Libertarian Candidate Gary Johnson’s website boasts that the third-party candidate is “polling nationally from 2.4% to 9% and various states have him polling up to 15%”. Like polls of the support of countless minor political candidates in the past, these numbers are almost certainly wrong, for an intriguing statistical reason.
Imagine a poll about a candidate named Smith who represents a major party and has, in truth, 40% support in the population. Imagine further that the poll is accurate 90% of the time. The other 10% of the time (due to leading questions, pollster error, voter confusion etc.) the poll predicts that someone who in fact will vote for Smith will not do so or that someone who will in fact vote for someone else will vote for Smith.
To keep the example simple, assume that the poll is only concerned with whether people will vote for Smith or not, where the non-Smith category includes voting for candidate Jones, Green, Wilson or not voting at all. Again for simplicity, assume the poll is of 100 voters, so the number of voters equals the percentage of predicted support for Smith. The table below shows what the poll will conclude.
The poll predicts that Smith will garner 42% of the vote (i.e., the poll will count 42 of the 100 voters it surveys as Smith supporters). These 42 votes are counted in the poll correctly in 36 cases and incorrectly in 6 cases (10% of the voters who really aren’t going to vote for Smith got counted as supporting Smith). The 42% result is wrong but it’s not bad at all as an estimate, whether you compare raw numbers (40% vs. 42% support) or compare the size of the error to the base rate of support (2% is only 5% of Smith’s true support of 40%).

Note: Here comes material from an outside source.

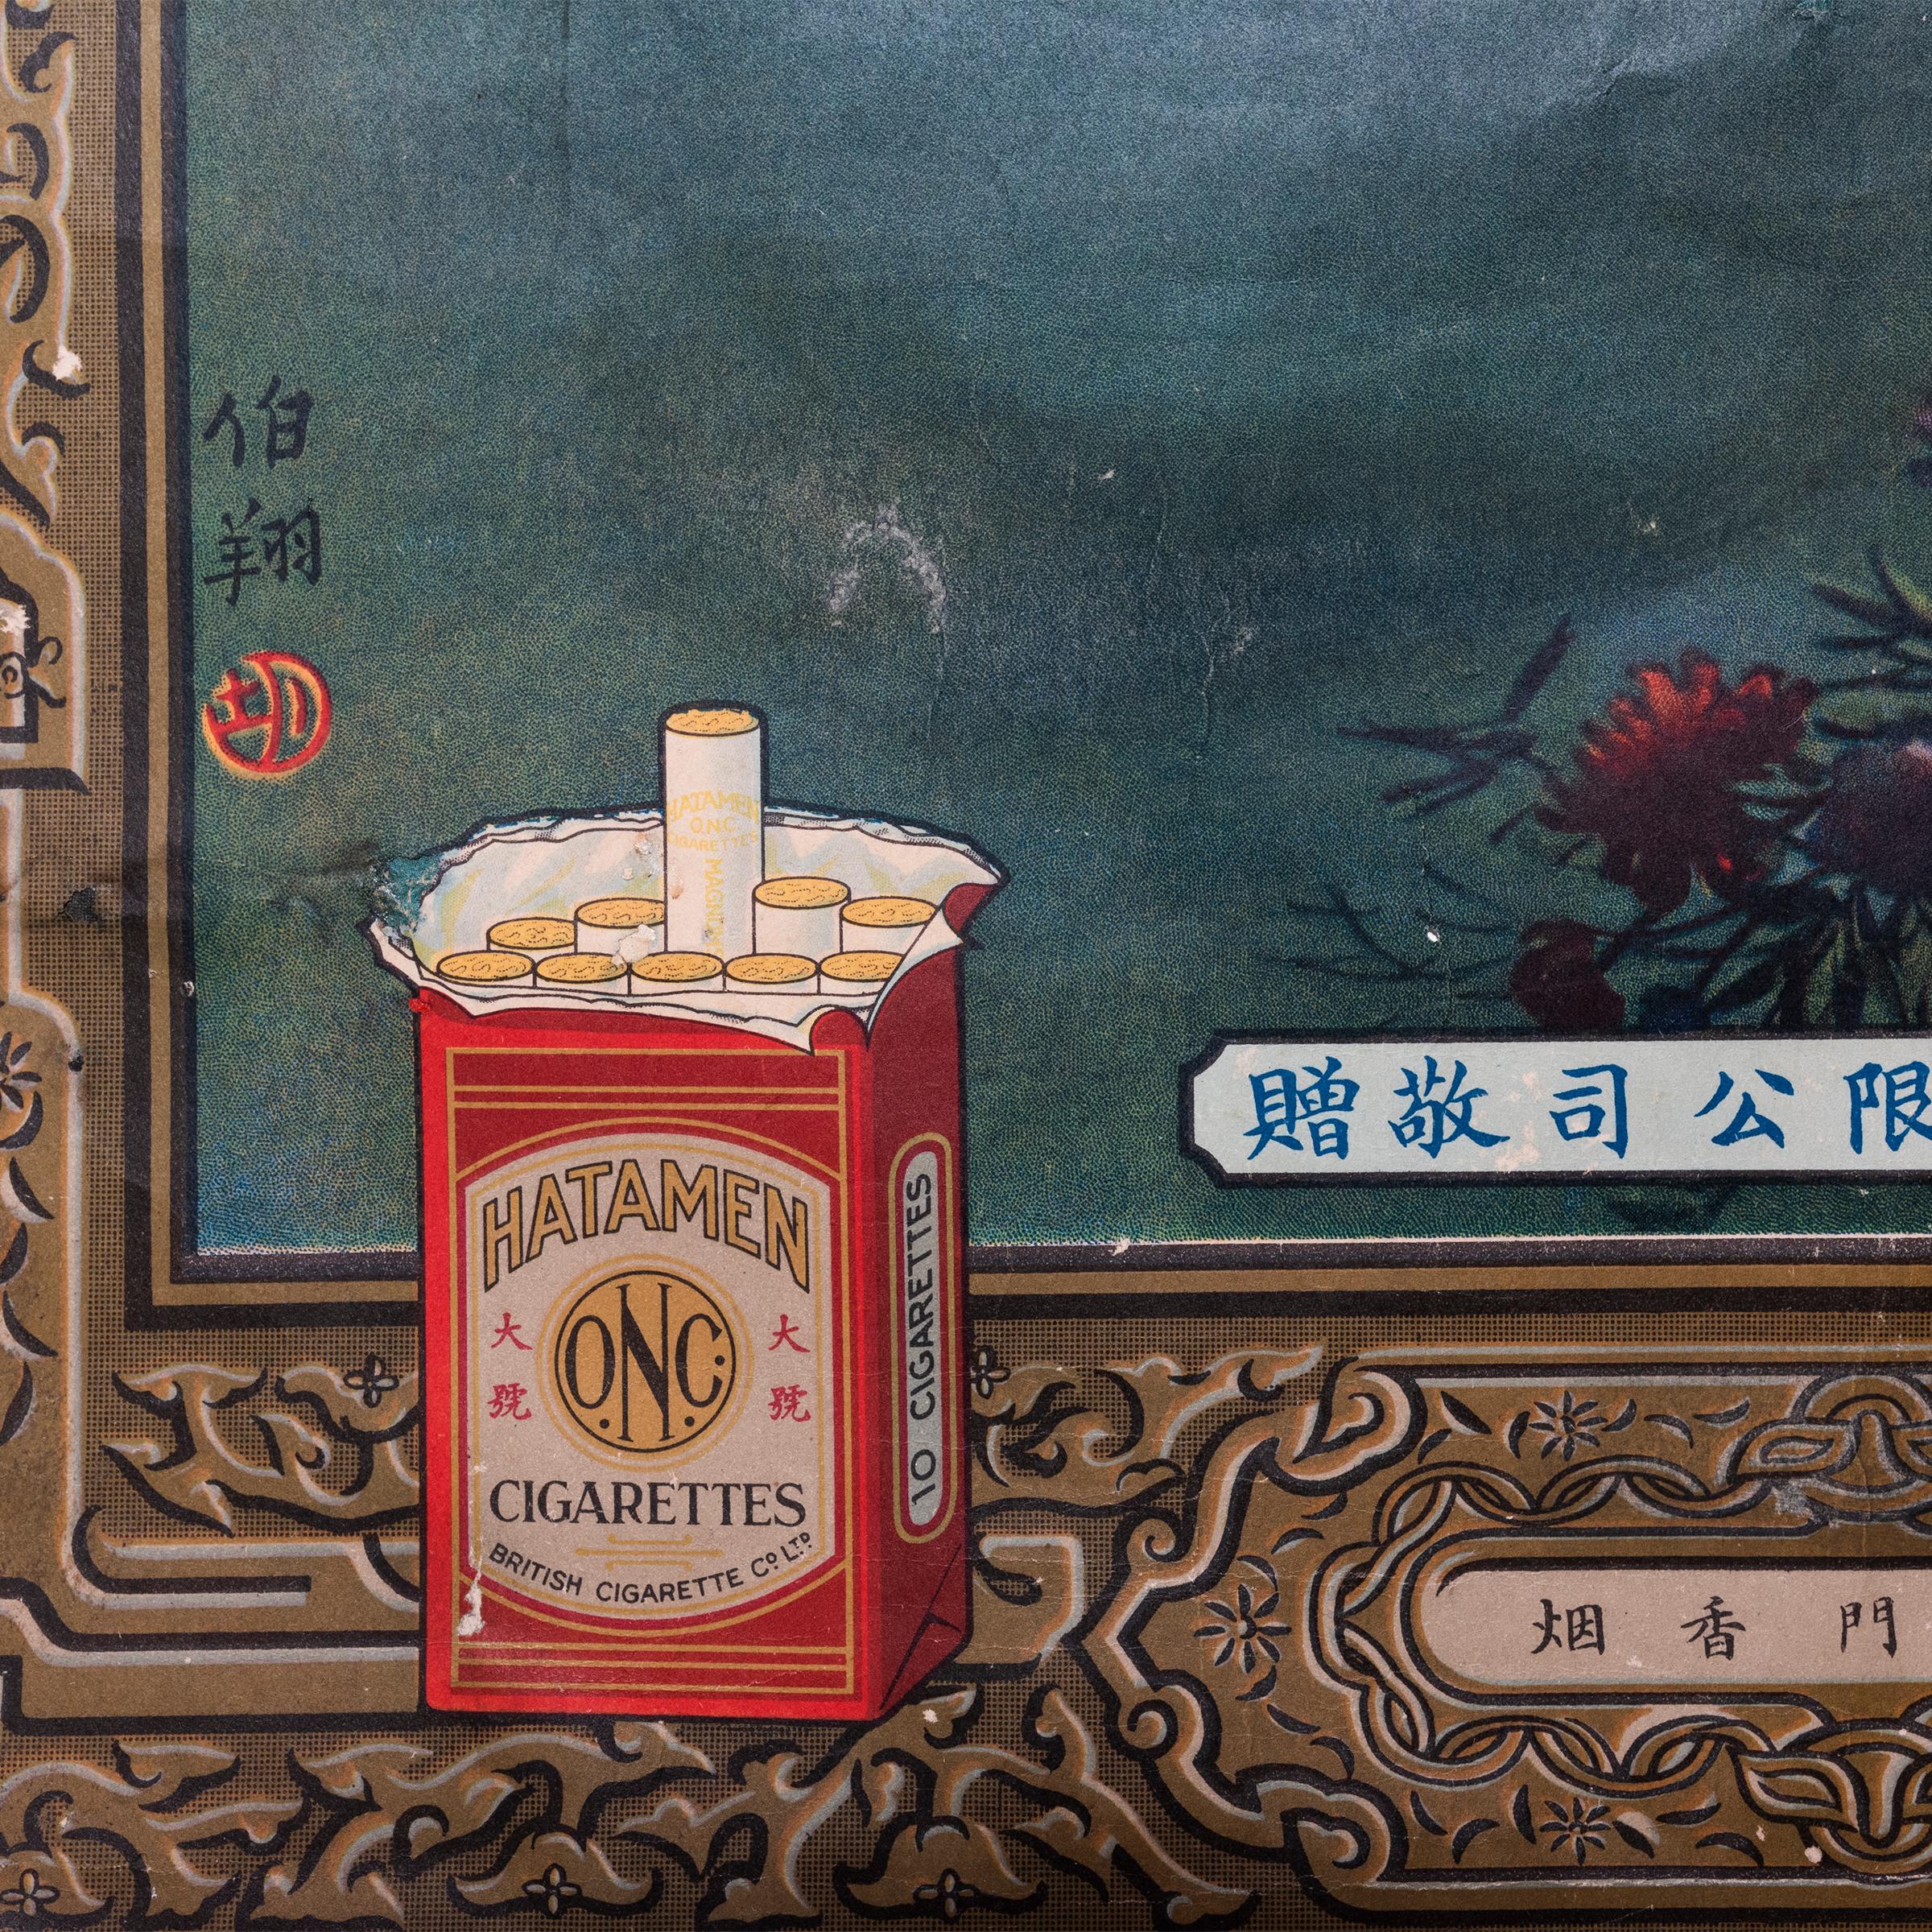 18th century cigarettes

The estimate is in the right ballpark because Smith’s level of support is near 50%. Indeed if his support were in fact 45% the poll would be even more accurate, despite its 10% error rate. In contrast, imagine that Smith’s true level of support is far from the midpoint, for example 10%. Here are the same poll results with same number of respondents and the same error rate.
The poll predicts 18% support for Smith. This is highly inaccurate whether one looks at the raw number of points (8 percentage points different than reality versus only 2 points when Smith was at 40% support) or compares the predicted versus the actual support (The predicted support of 18% is almost double the true support of 10%). Why did the same poll that proved fairly accurate for Smith at 40% prove so misleading when he was at 10%?
What is going on here is less complex than it may seem. It is simply harder to predict events that are unlikely than events which are likely. If a fair coin is being flipped over and over and you have to guess on which particular flip it will come up heads, you’ve got a 50-50 shot of winning the game. But if the same game is played with an unbalanced coin that comes up heads only 1% of the time, you will almost certainly not guess the right flip, even if you are allowed to play many times. Indeed, any system you might use to predict when the elusive heads result will occur will be less accurate over time than simply predicting that the coin will never come up heads no matter how many times it is flipped (that prediction is correct 99% of the time…this same phenomenon underlies why so many seemingly sage predictions about how politicians with certain characteristics can’t be elected president are in fact vapid).
The problem gets worse the further a candidate departs from 50% support. If Smith were actually at 1% support, the result of the 90% accurate poll would put Smith at a completely misleading 11%. More accurate polling helps but does not solve this problem: A 95% accurate poll of a candidate who actually has 1% support will still typically overstate his or her support by a factor of 5.
Finally, one might assume that averaging the results of different polls can surmount the challenges of estimating support for minor political candidates. That does indeed improve accuracy if you have a third-party candidate such as Theodore Roosevelt with a fairly high level of support, but not when a candidate is at the typical American third-party level of 1% or 2% support. A poll that overstates that candidate’s support can multiply it many fold as shown above, but a poll that understates it can’t go lower than 0%. The average of all error-ridden polls will thus still tend to overstate the candidate’s level of support because the errors have more room to grow in the upside than in the downside direction.